船橋リズムセンター

「野に在って野に下らず、俗に在って俗に流されず」。こだわりなし、怒りなし、浅く、ぶれつつ、無着陸、、、

ADEBISI SHANKのセカンドを聴いてみた

adebisi shankというバンドのセカンドアルバム「This Is the Second Album of a Band Called Adebisi Shank」をダウンロード購入。

This Is the Second Album of a Band Called Adebisi

This Is the Second Album of a Band Called Adebisi

 

しかし身も蓋もない、というかあまりに素っ気ないタイトル。ファーストも「This Is the Album of a Band Called Adebisi Shank」だから一貫してる。アルバムというパッケージにコンセプトを立てる、というのを拒否してるとでも言うのか、そういう意味では、一曲単位で好きにダウンロード購入できてしまう今の時代をストレートに反映している、とも思えたりする。

 

Amazonのレビューだとか商品紹介を見ると、「マスロック」という語が出てくるんだけども、実はよく知らない。

調べてみると、「mathematic rock」で、数学的なロック?わかるようでわからない。

なんでも緻密に構成された、高い演奏技術による変拍子、ポリリズムを取り入れた楽曲を演奏するバンドをそう括るのらしい。

ちょっと前は「ポストロック」と呼ばれていたジャンルの現在進行形だろうか?

ジャズやらプログレッシブロックやらクラウトロックやら、とにかく貪欲にいろんなジャンルの音楽を消化して再構築したもの、という風に理解する。

正しく理解しているわけではないが、個人的な印象では「ポストロック」はどちらかというと頭でこねくり回しているようなインテリ的な側面が合ったように思うが、今の「マスロック」というのは、「ポストロック」がすでに身体に馴染んでしまった世代が、自然に、もはや肉体的に演奏しているように聞こえてくる。

と、こう言う時、「ポストロック」はtortoiseをイメージしていて、「マスロック」はbattlesをイメージしている。

うーん、でも、battlesもまだ頭がいいロックっていう気がするな。

 

その点、adebisi shankは、ポストロックのアプローチを自分たちなりに解釈して云々という理屈っぽいことを抜きにして、ただ、好きな音楽を全部合わせてやってみました、みたいなやんちゃさを感じる。

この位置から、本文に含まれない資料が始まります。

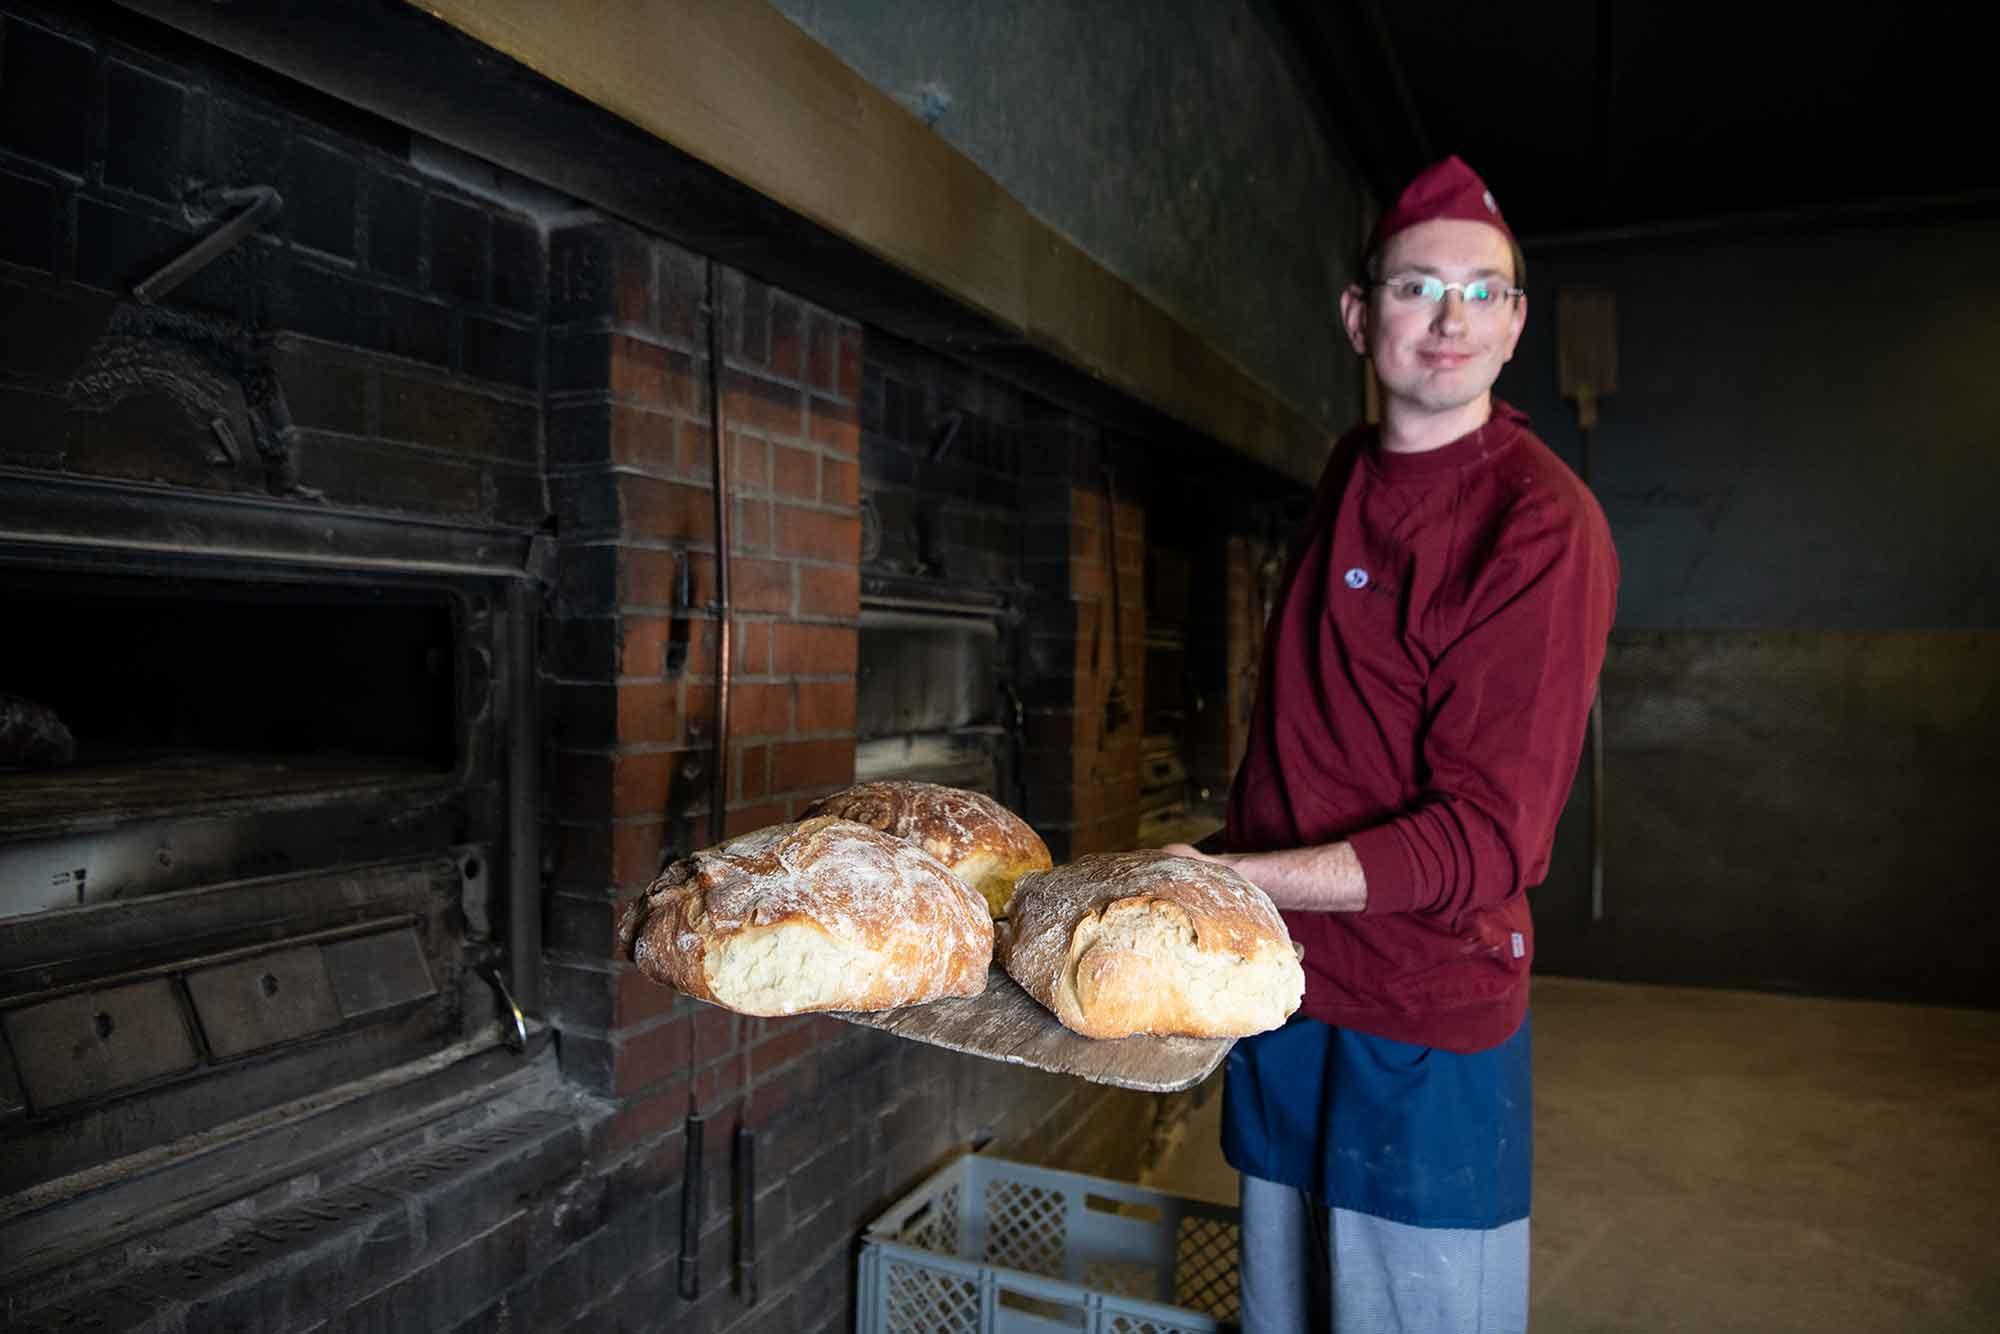 Bäcker mit Brot vor Holzofen

レッチリとかフィッシュボーンとかの、ミクスチャーロックと言われてたバンドにむしろ近い感じがする。

頭で考えるよりも先に手が動いている。

とっ散らかってる面白さ。


シンセサイザーがカラッと陽気な80年代を連想させるような曲があれば(INTERNATIONAL DREAMBEAT、BONES)、ファウストだかノイ!だかを連想させるフィジカルなループが気持ちいい曲があったり(GENKI SHANK、FRUNK)、妙なエキゾチックな曲もある*1。てんでバラバラのようでいて、でも通底しているのはポジティブなやんちゃさ。

ああ、バンド全体のイメージが、DEVOなんかと近い気もする。

やんちゃでフリーキーなんだけど、そういうアティテュードがどこかシニカルに見える、とこが。